« Snow varies. » (Snow scientist proverb)
Sentinel-2 enables to generate snow maps at 20 m spatial resolution. But what’s the use of such high resolution snow maps? Because one picture is worth a thousand words, I resampled some Sentinel-2 images of snow-covered regions to coarser resolutions using the average reflectance of the contributing pixels. I did not use snow maps but true color Sentinel-2 composites to better show the context of the selected regions, but it should be easy to mentally compute the snow maps from these examples. The 500 m resolution is close to the resolution of MODIS, Sentinel-3, VIIRS.
First example, a ski resort in the Dolomites, Corvara (Italy).
Second example, urban and agricultural landscape in Saint-Jean-sur-Richelieu, Quebec (Canada)

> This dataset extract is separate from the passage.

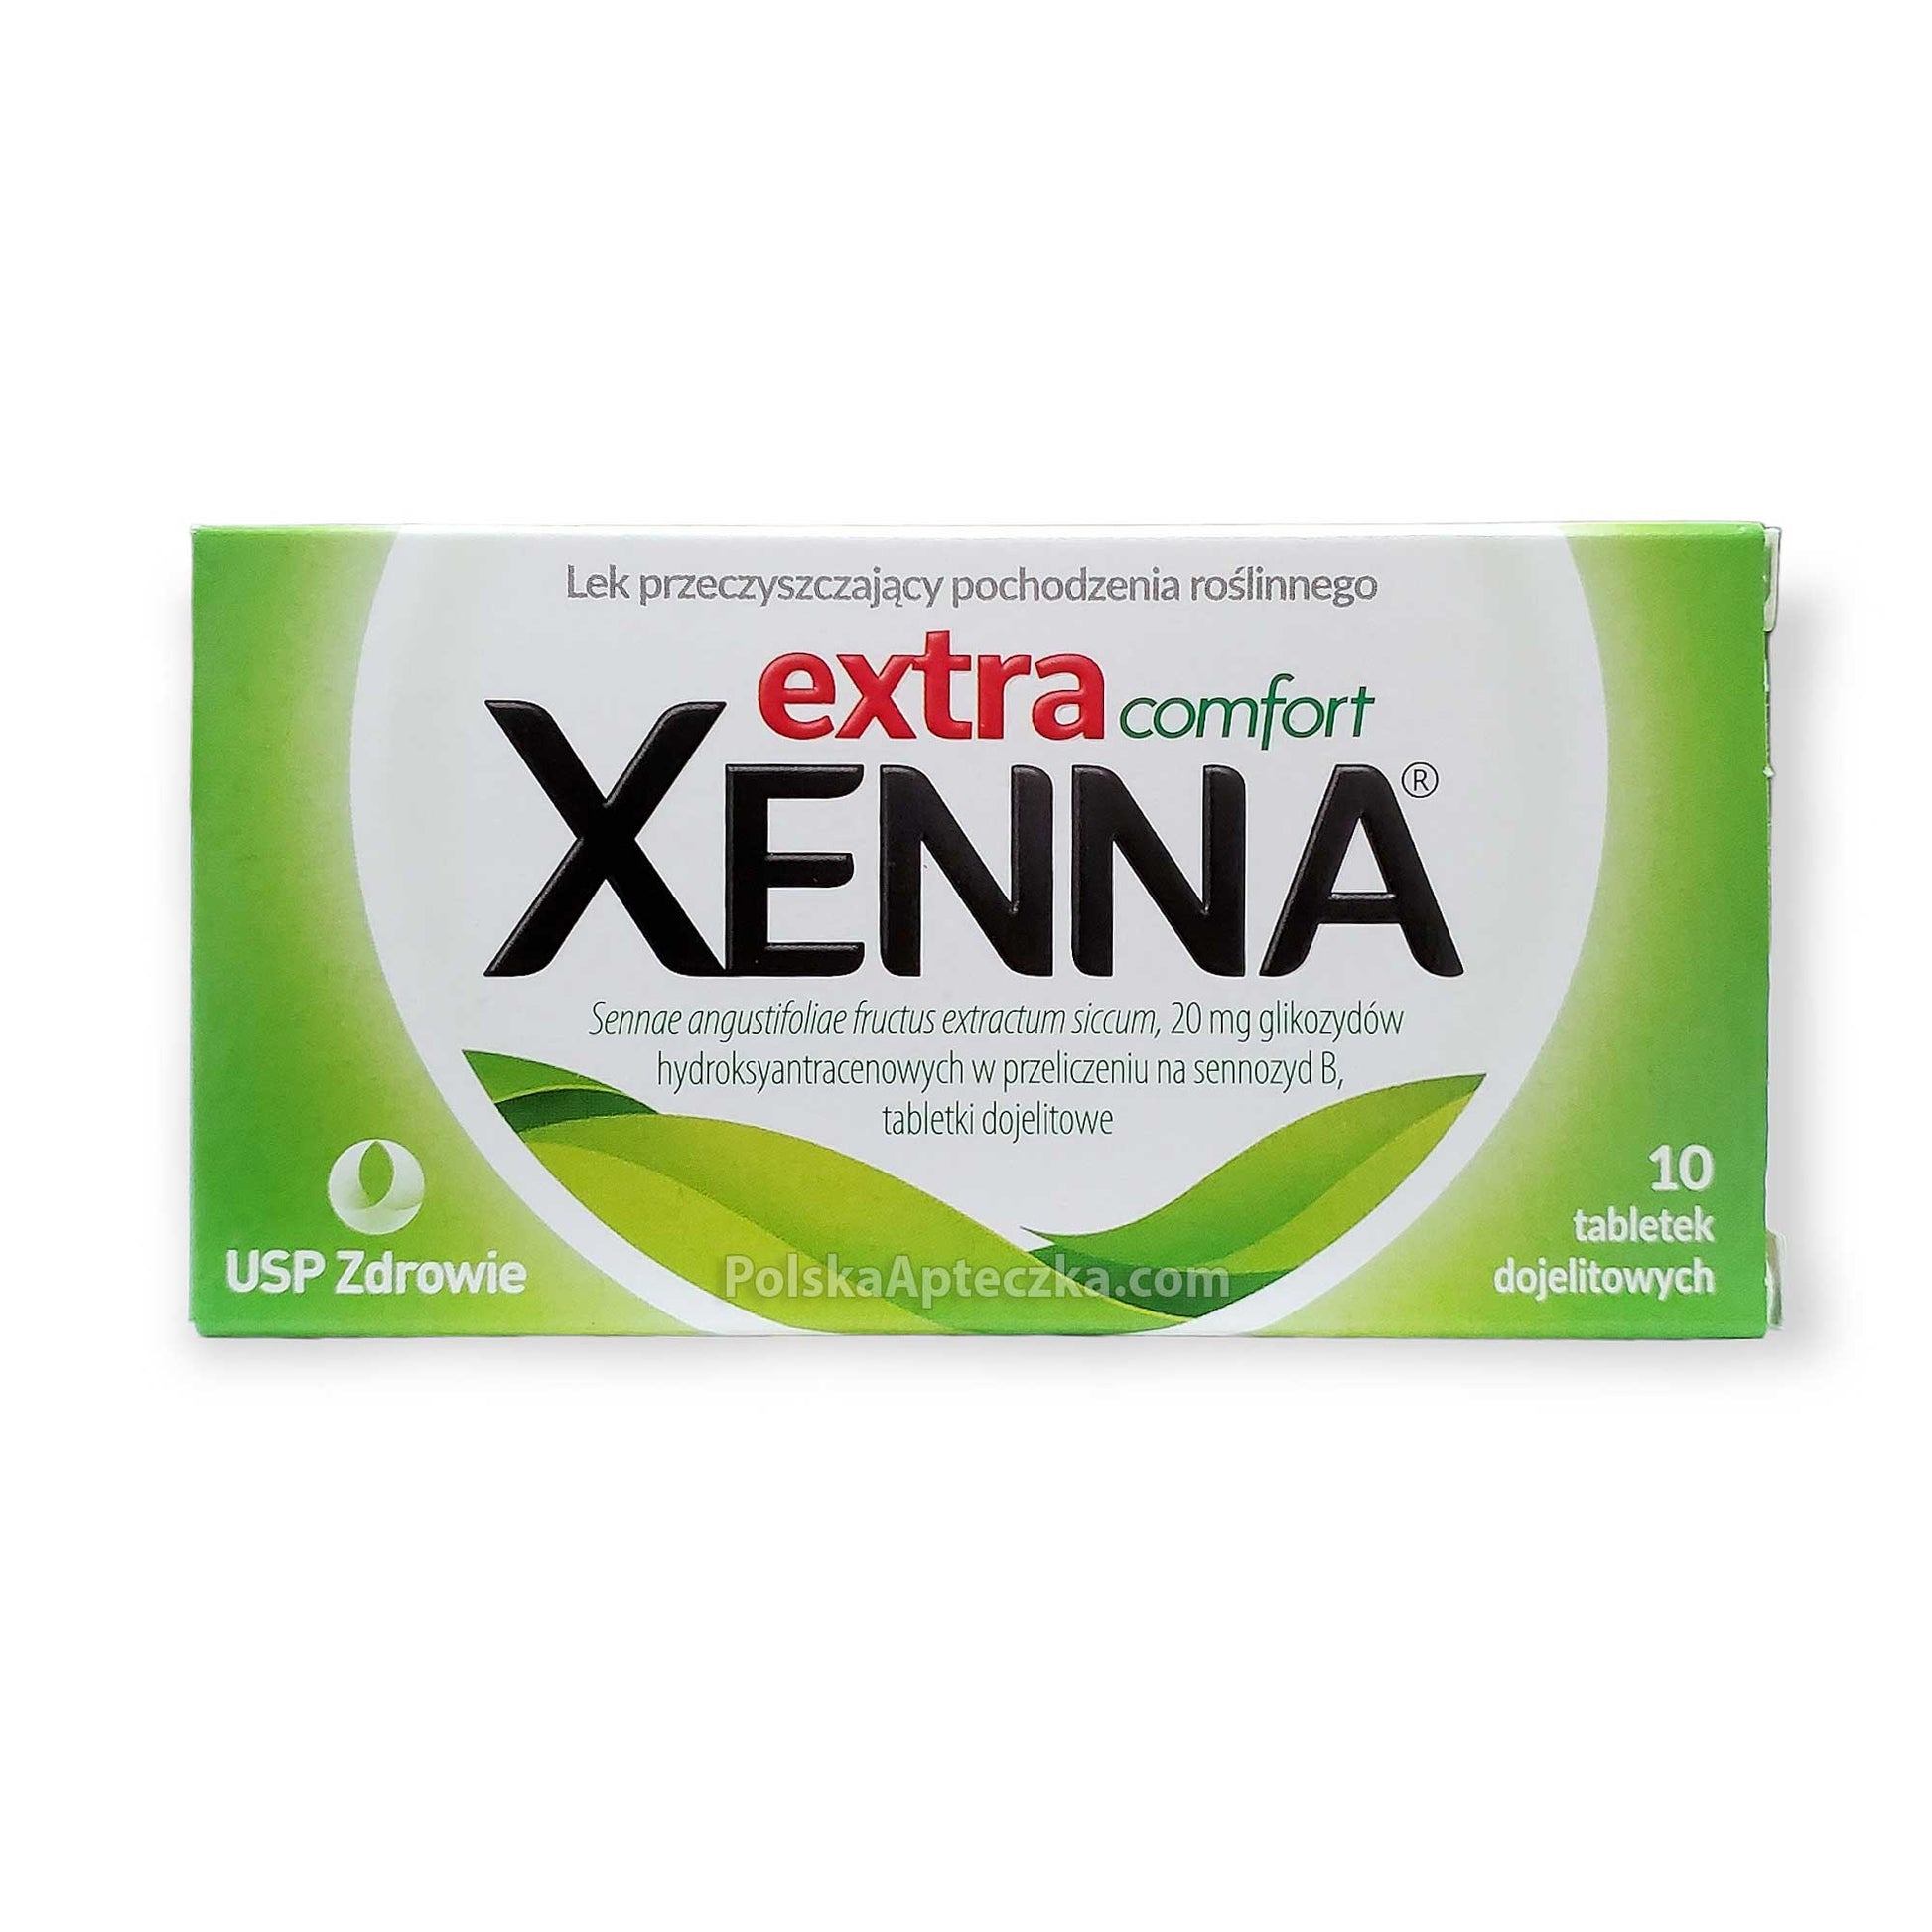 Xenna Extra Comfort, 10 tabletek przeczyszczających
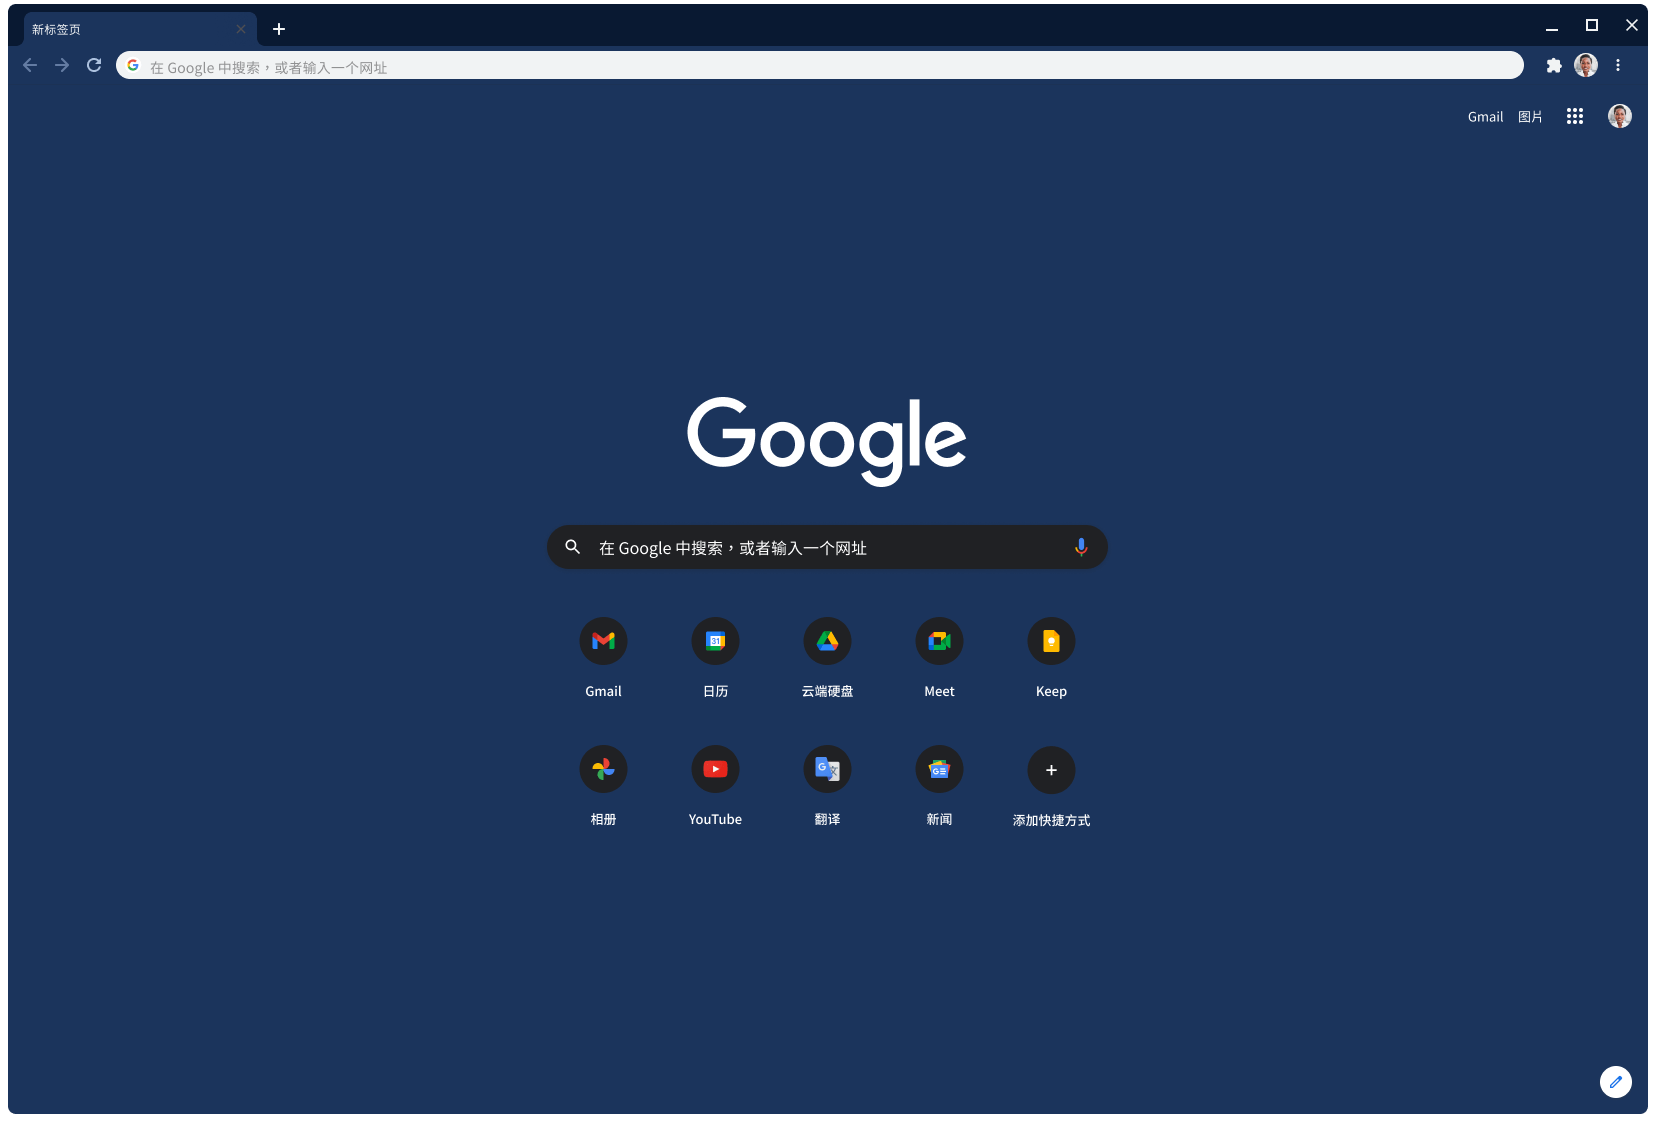 使用石版灰主题显示 Google.com 页面的 Chrome 浏览器窗口。

Third example, in the Sierra Nevada National Park
There are better arguments in the scientific literature. In hydrology, the spatial variability of patchy snow cover area has an impact on the melting rates . In ecology, the spatial patterns of the snow cover duration at high resolution is an important predictor of the plant biodiversity . The drawback of high resolution snow maps is the high computing cost to process them. However, previous studies have shown that snow reanalyses assimilating 90 m resolution maps of the snow cover fraction can be done at the scale of entire mountain ranges .
- Liston, G.E. (1995) « Local advection of momentum, heat, and moisture during the melt of patchy snow covers. » Journal of Applied Meteorology 34.7, 1705-1715.
- Carlson, B.Z.; Choler, P.; Renaud, J.; Dedieu, J.P.; Thuiller, W. (2015) Modelling snow cover duration improves predictions of functional and taxonomic diversity for alpine plant communities. Annals of Botany, 116, 1023–1034.
- Margulis, S.A.; Girotto, M.; Cortés, G.; Durand, M. (2015) A particle batch smoother approach to snow water equivalent estimation. Journal of Hydrometeorology, 16, 1752–1772.